___ Dataset section

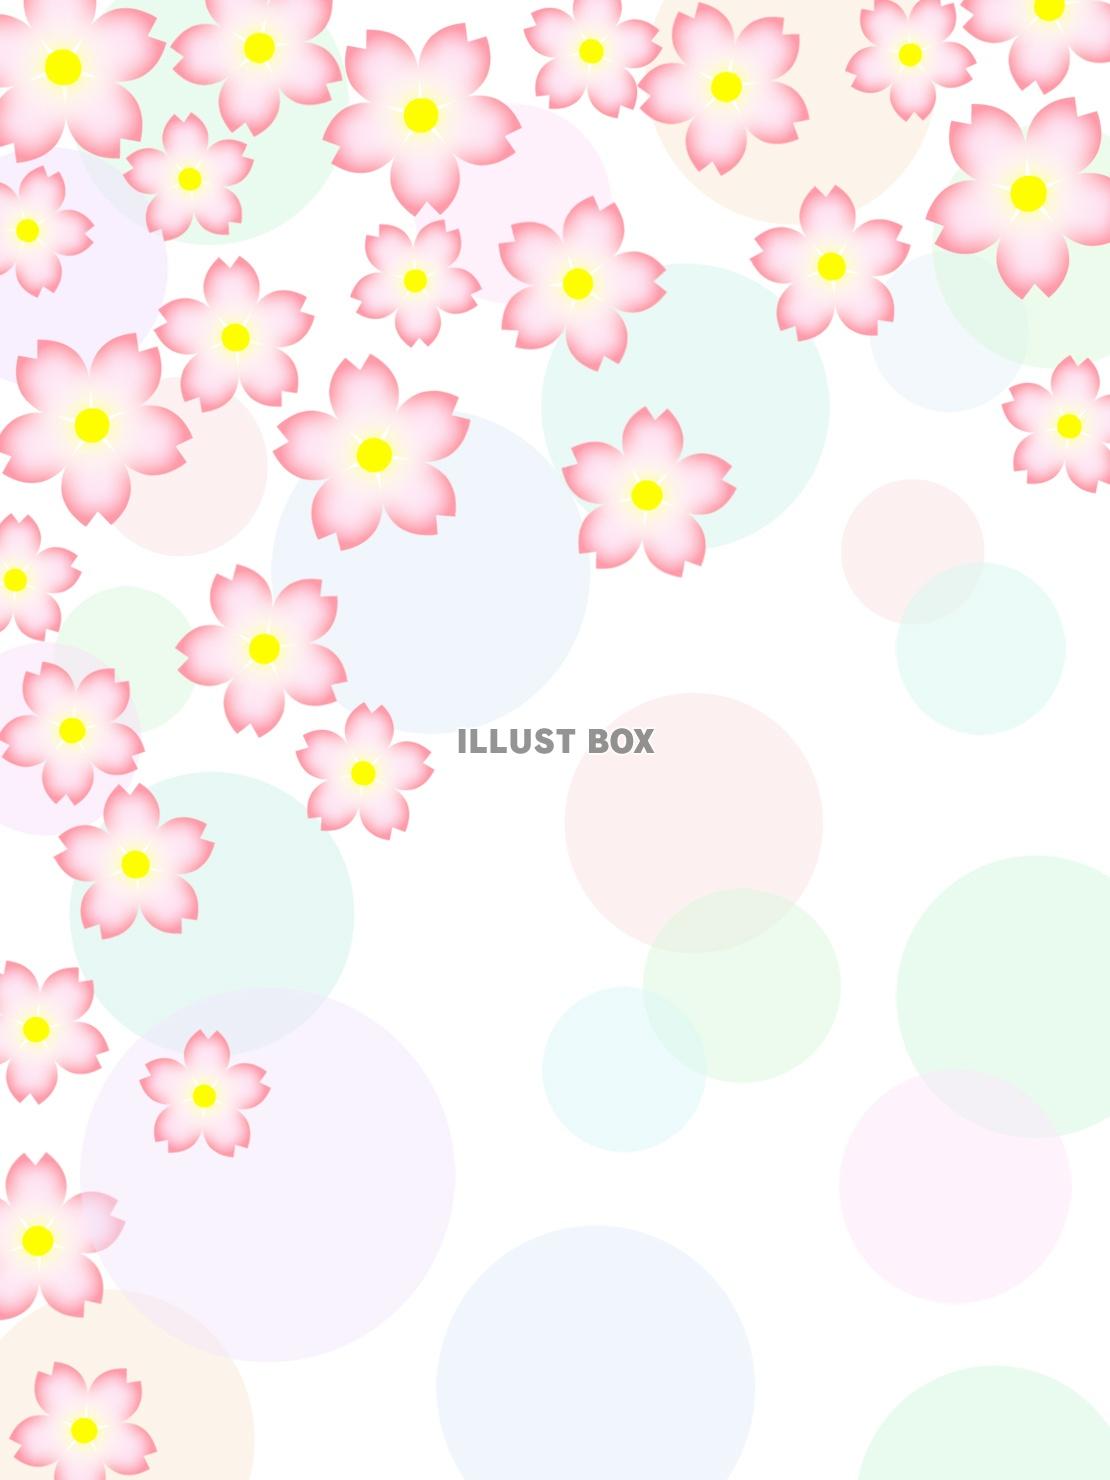 無料イラスト 桜の花柄と水玉模様の壁紙背景素材イラスト
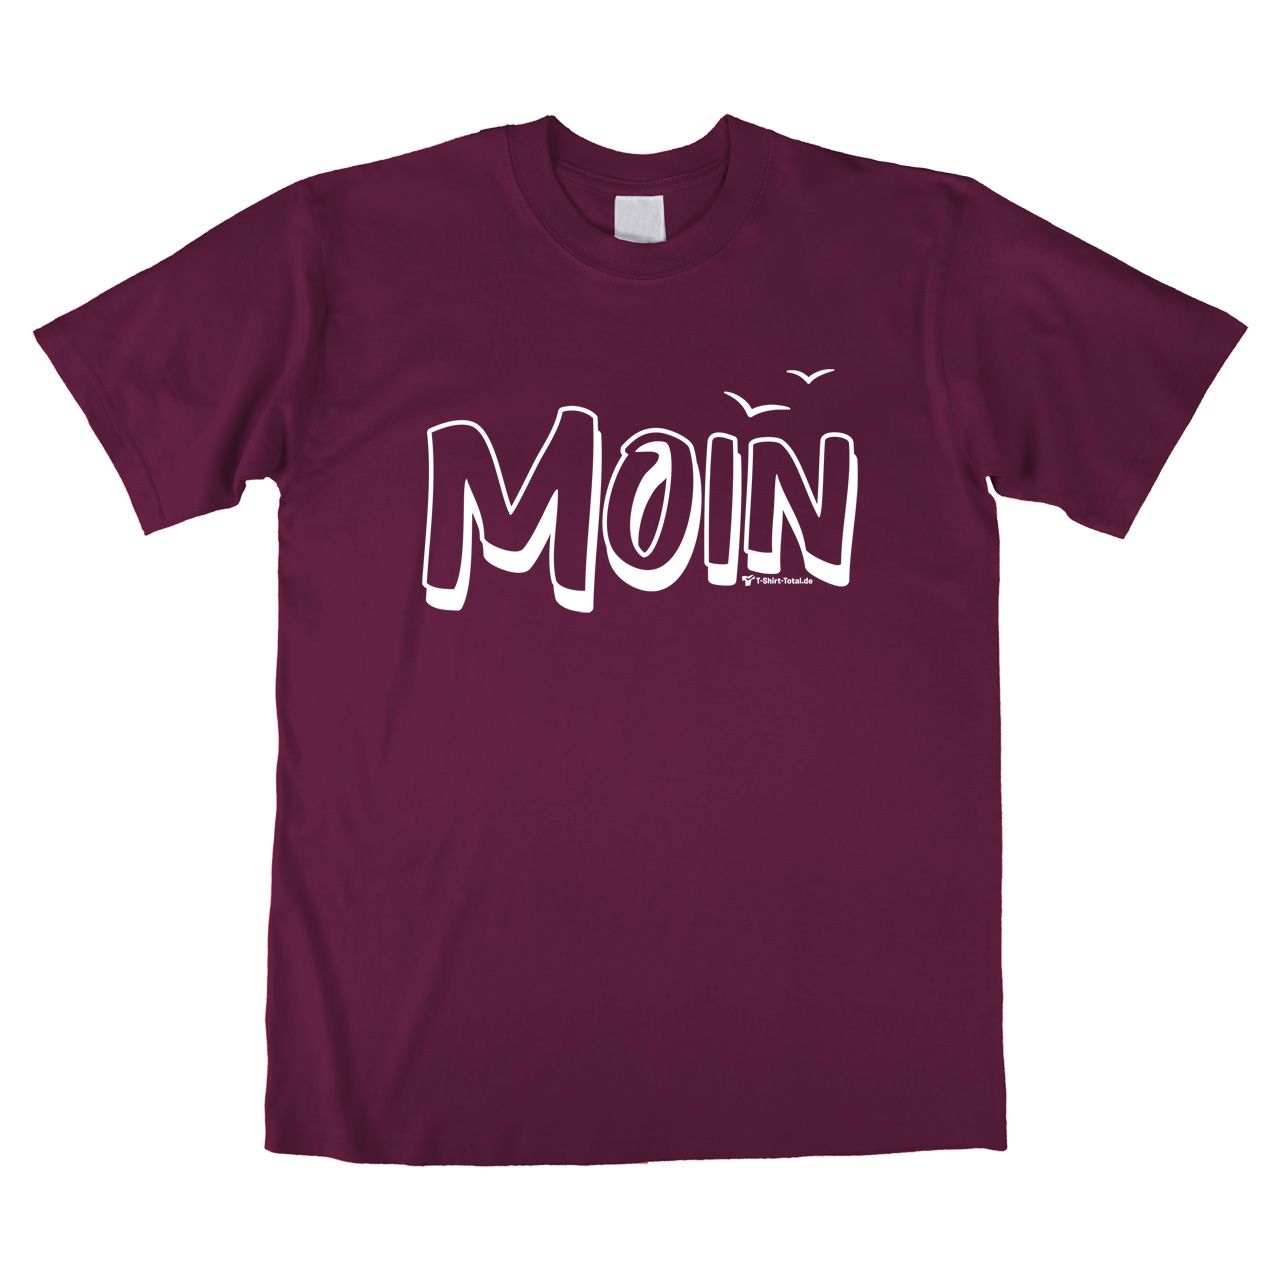 Moin mit Möwen Unisex T-Shirt bordeaux Large
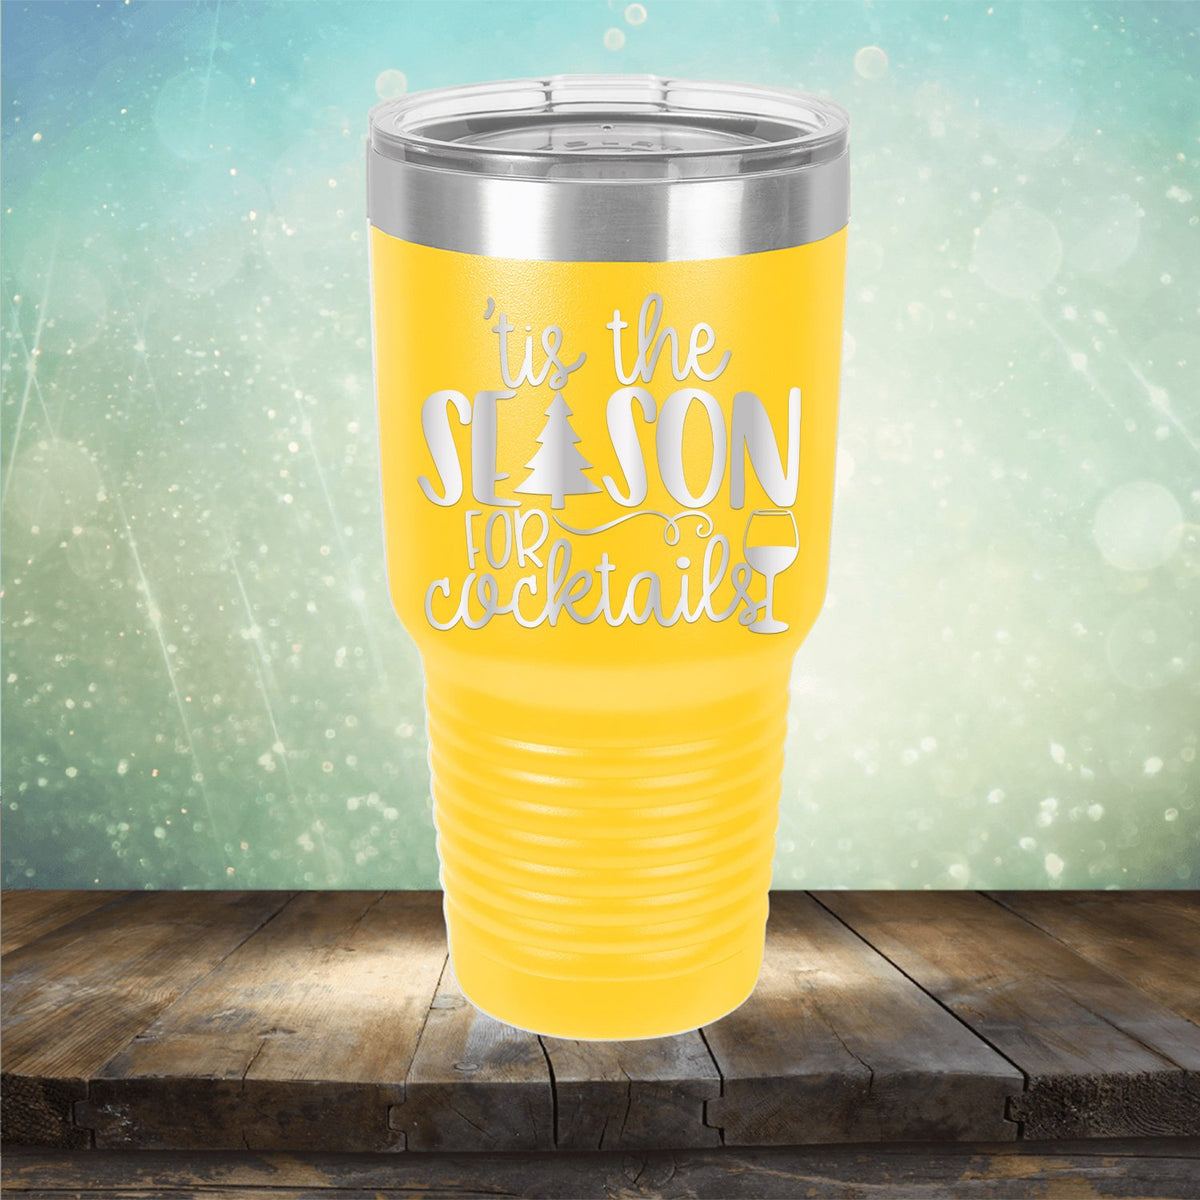 Tis the Season for Cocktails - Laser Etched Tumbler Mug

______

*Task instructions*. Give back the material above exactly, with each picture removed.

*Exercise solution*.
 無料イラスト 桜の花柄と水玉模様の壁紙背景素材イラスト
 Moin mit Möwen Unisex T-Shirt bordeaux Large
 Tis the Season for Cocktails - Laser Etched Tumbler Mug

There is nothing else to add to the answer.